New York — In a striking turn of events, tribal influence is looming large in New York State’s casino licensing race, backed by an $8 billion proposal from Hard Rock International and Steve Cohen near Citi Field in Queens. The project, called Metropolitan Park, signals that Indigenous gaming operators may now wield significant power beyond their traditional territories.

The Metropolitan Park plan is front and center in the bottom-state New York licensing contest, where up to three casino licenses are expected to be awarded later this year. Hard Rock’s executive summary highlights the project’s scale: 5,000 slot machines, 375 table games, 30 poker tables and an 18,000-square-foot sportsbook, all within a 286,000-square-foot gaming venue. The submission also projects $33.5 billion in tax revenue over 30 years, assuming slot operator revenues of $3.9 billion in year three.

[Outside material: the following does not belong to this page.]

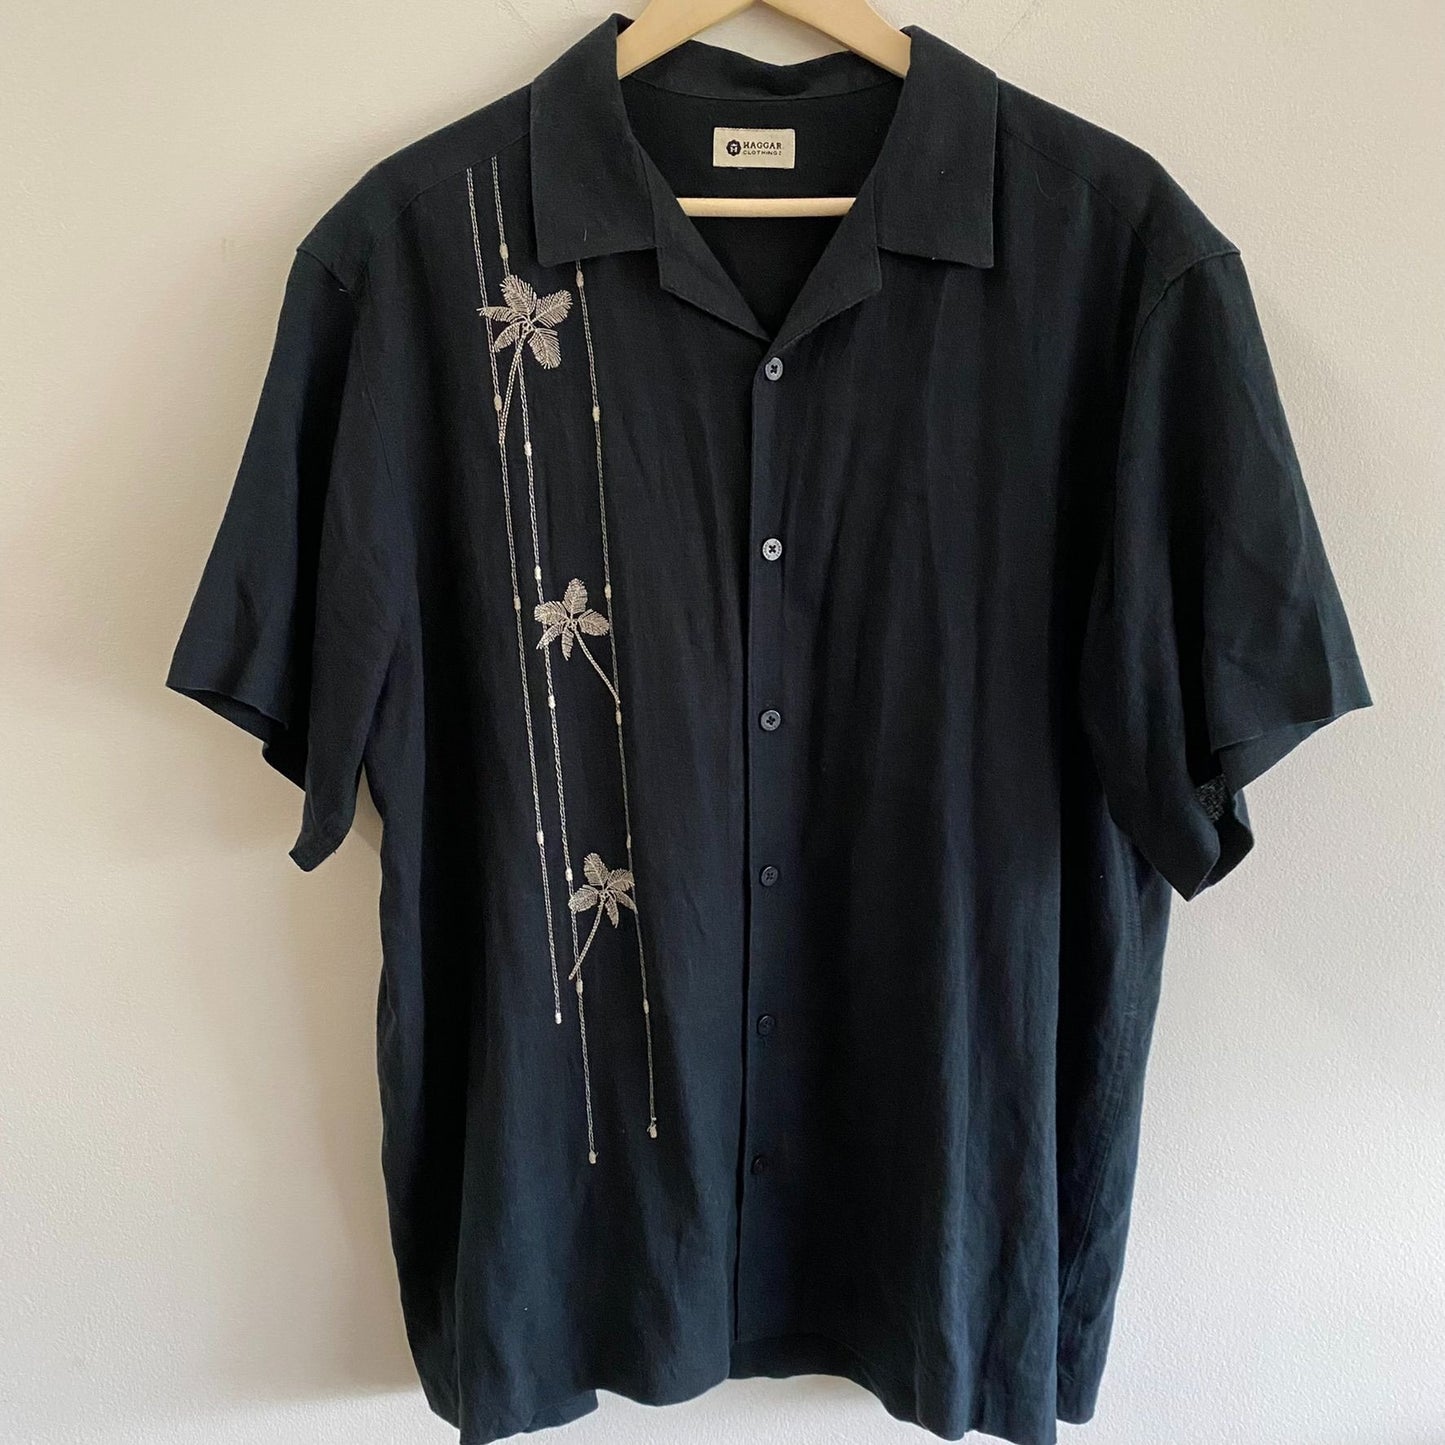 Haggar Black Floral S/S Shirt

Indigenous gaming entities — long dominant in regulated U.S. tribal casinos — are now repositioning themselves for mainstream commercial licenses. Industry analysts view the approval tactics of Metropolitan Park as proof that a tribe-backed bidder has a competitive edge: deep pockets, community engagement muscle and regulatory experience.

From a strategic standpoint, the Mohawk counsel of Kahnawà:ke, a tribe with a strong casino brand, and other First Nations operators are watching closely. While not formally named in the proposal, their influence on partnerships like Hard Rock’s signals a shift: the legal “Indian gaming model” appears increasingly viable in major urban jurisdictions historically forbidden to commercial gambling.
Operators and licensed cardrooms should note that if the Metropolitan Park bid succeeds, it could trigger a cascade effect in the region: higher license valuations, increased pressure on conventional venues, and rapid mobilization of tribal-commercial joint ventures. Stakeholders might well ask: will this time the tribe score the full house?As the Gaming Facility Location Board prepares its decisions by year’s end, the stakes are clear. For those with a seat at the table, it’s not gamble—it’s strategic positioning.